We left Cincinnati
at half-past eight, and reached this place, Vincennes, where we are to
sleep, at about six o'clock. The road was very pretty, though the leaves
were nearly all off the trees; the forms of the trees were, however,
lovely, and it was quite a new description of country to us, the
clearings being recent and still very rough in appearance, and the
log-houses, in most places, of a most primitive kind. Vincennes, where
we are to sleep, is an old town of French origin, prettily situated on
the river Wabash, which we can see from our windows.
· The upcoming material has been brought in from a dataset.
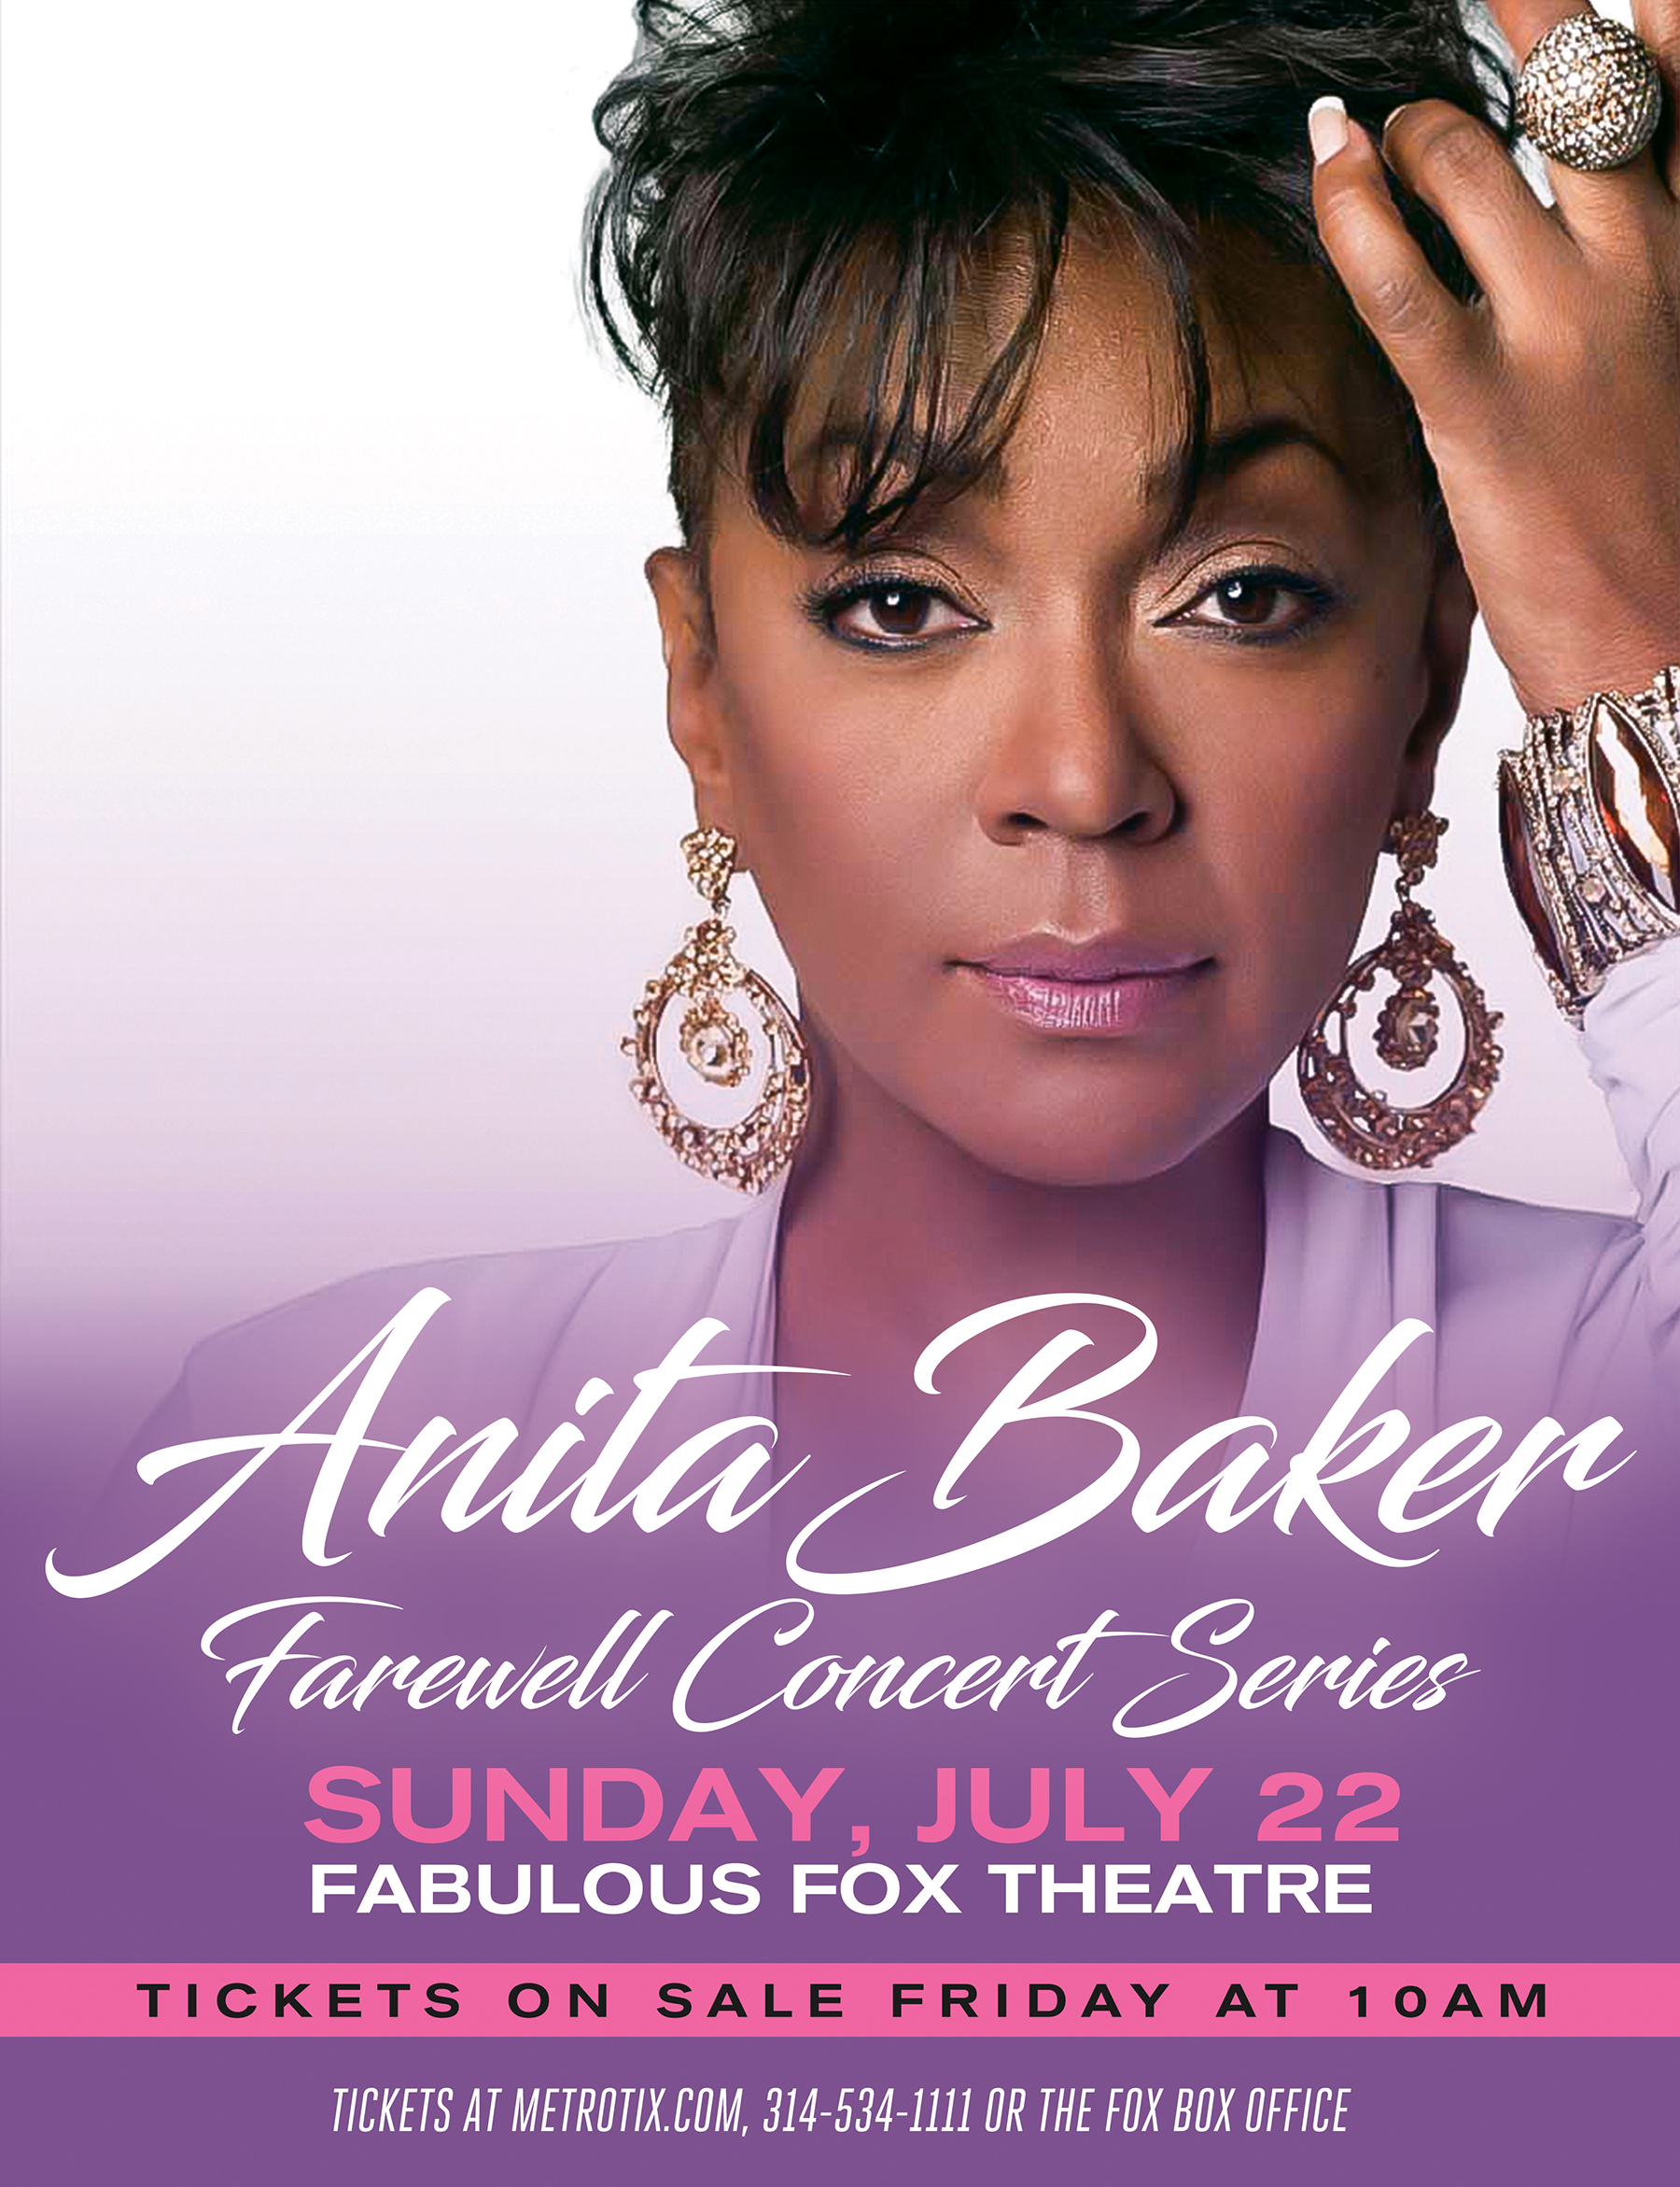 Anita Baker In St. Louis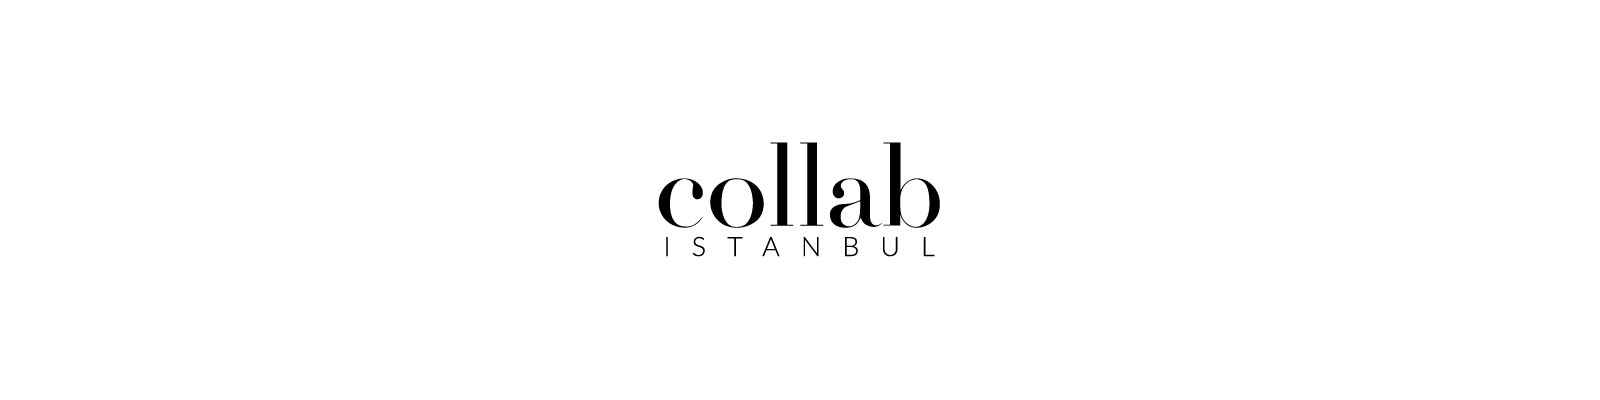 Collab Istanbul banner fotograf

_St. Louis, November 4th._--We came on here on the 2nd instant, and soon
after leaving Vincennes found ourselves in a prairie, but it was not
till after sixty miles that we got to the Grand Prairie, which we
traversed for about sixty more. The vastness, however, of this prairie,
consists in its length from north to south, in which it stretches
through nearly the whole length of the State. These prairies are
enormous plains of country, covered, at this time, by a long brown
grass, in which are the seed-vessels and remains of innumerable flowers,
which are said to be most lovely in their form and colour in the spring.
It was disappointing only to see the dark remains of what must have been
such a rich parterre of flowers. One of our party, Colonel Reilly, of
Texas, who had seen our Crystal Palace gardens at Sydenham, in full
flower, said that they reminded him of the prairies in the spring.